Pku acm 1050 to the Max [Dynamic Planning]

The meaning of the question is very simple. Find its sub-matrix in a matrix to maximize the sum of the sub-Matrix Values. In fact, it is the promotion of the largest sub-segment and problem in two-dimensional space. Let's talk about the one-dimensional situation first: It has arrays A0, A1... An. Find the consecutive sub-segments to maximize the sum of them. Assume that for sub-segments: 9 2-16 2 temp [I], it indicates the maximum sub-segment and in the sub-segment ending with AI. If temp [I] is known
The [I + 1] method is:

If temp [I]> 0 temp [I + 1] = temp [I] + AI (add AI to the previous child segment ), otherwise, temp [I + 1] = AI (without the preceding sub-segment), that is, the state transition equation:

Temp [I] = (temp [I-1]> 0? Temp [I-1]: 0) + Buf [I];

For the example temp: 9 11-5 2, then the largest sub-segment in temp [] is the largest of the one-dimensional sequence.
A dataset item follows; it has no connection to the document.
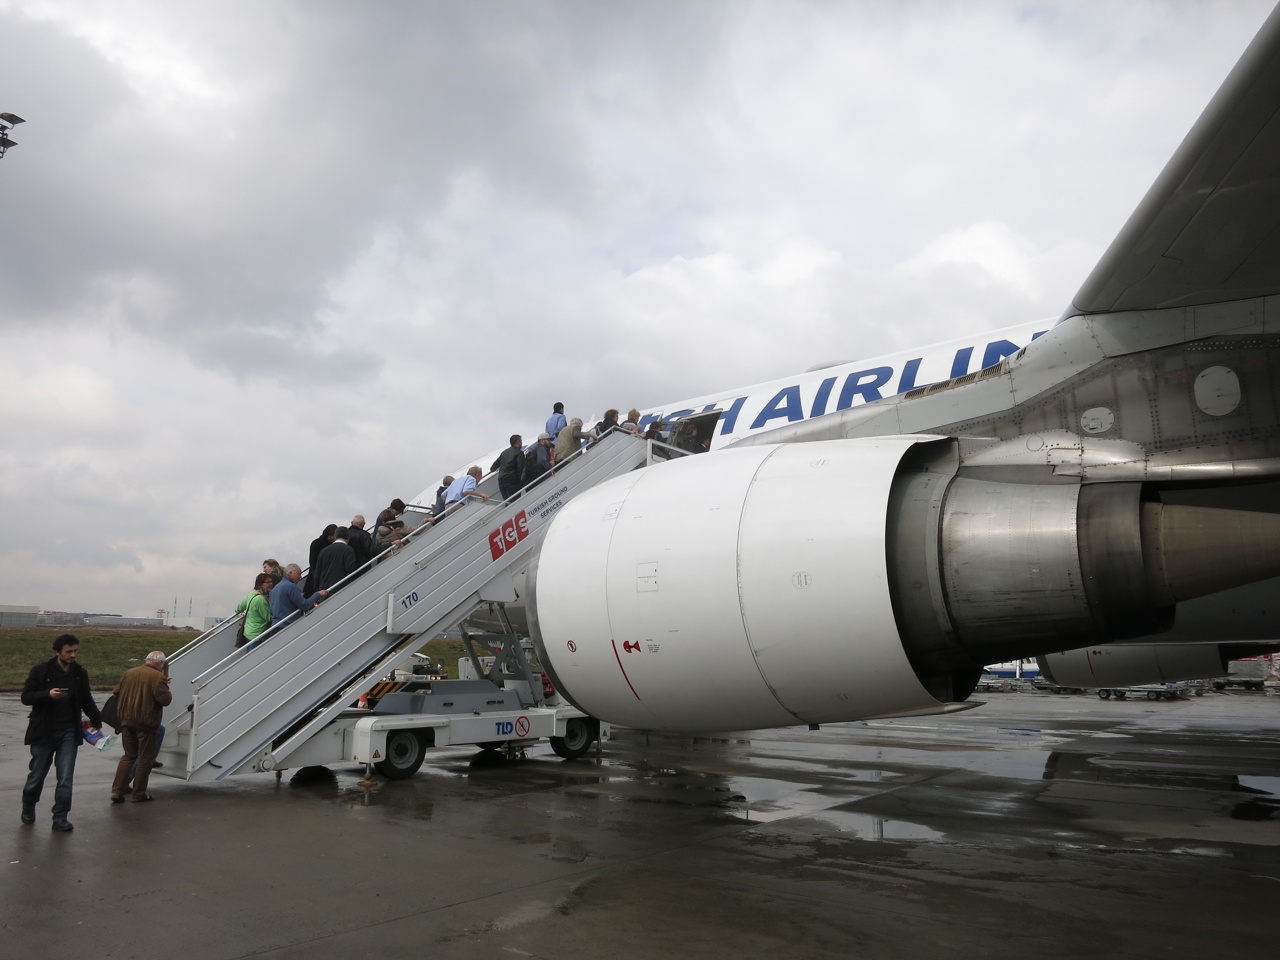 Turkish Airlines Economy class A330, - Jet Airways wet lease, 007.JPG
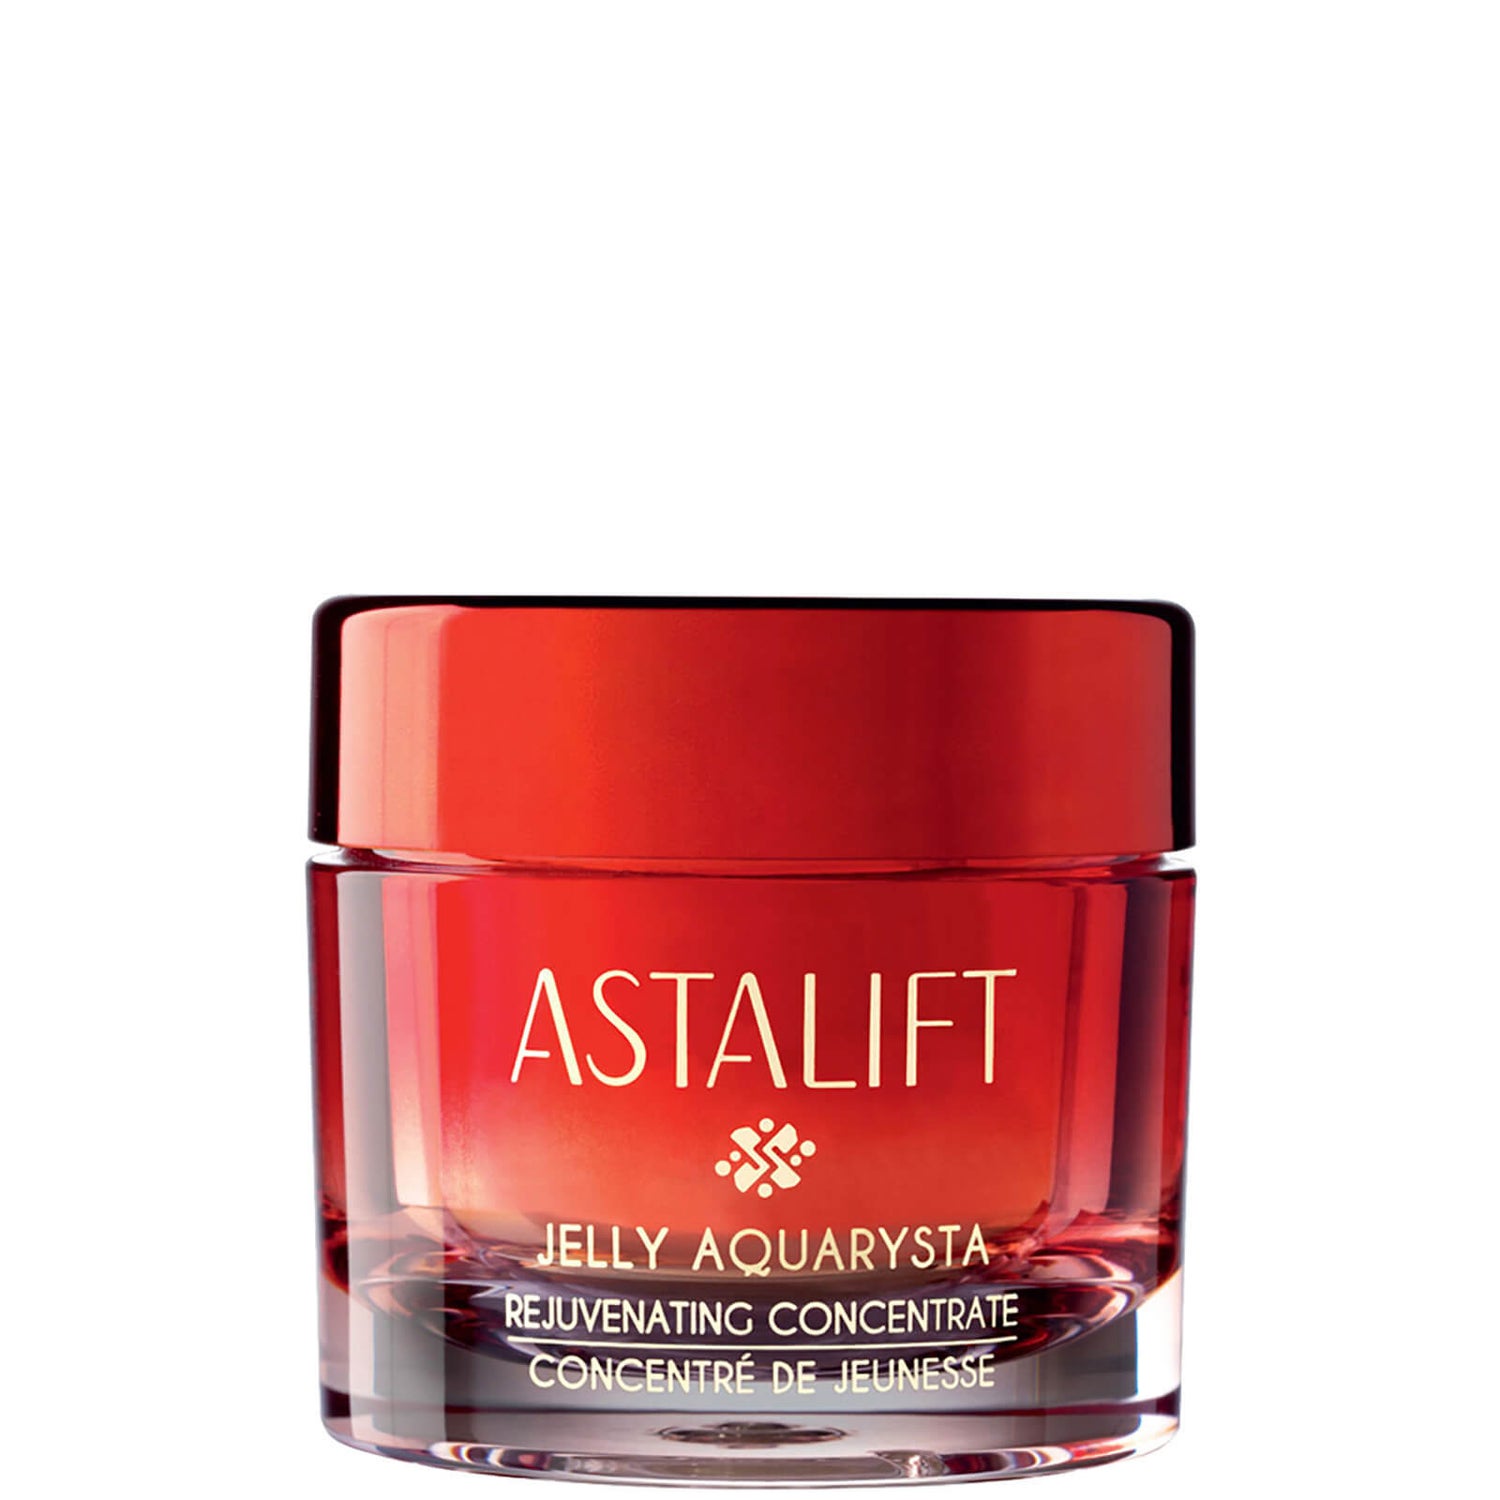 Astalift Jelly Aquarysta Rejuvenating Concentrate Serum (40 g)

Evaluate the functions of the largest subsegment and in one dimension:

Int getmax (INT Buf [100], int N)

{

Int temp [101], max = N * (-127 );

Memset (temp, 0, 4 * (n + 1 ));

For (INT I = 1; I <= N; I ++)

{

Temp [I] = (temp [I-1]> 0? Temp [I-1]: 0) + Buf [I];

If (max <temp [I])

Max = temp [I];

}

Return Max;

}

The following is an example of two-dimensional scaling:

0-2-7 0

9 2-6 2

-4 1-4 7

-1 8 0-2

We use I j to indicate the start and end rows respectively, and traverse all possibilities:

For (I = 1; I <= N; I ++)

For (j = I; j <= N; j ++ ){}

In one of the cases, I = 2 J = 4, which is equivalent to selecting 2 3 4 and 3 rows, so that the combination of those columns can obtain the maximum value, because it is always 2 3 4 rows, therefore, we can bind these three lines to 4 (9-4-1), 11 (8 + 2 + 1 ), -10 (-6-4 + 0), 7 (7 + 2-2) Maximum child segment and, OK, the problem is successfully converted to one-dimensional situation!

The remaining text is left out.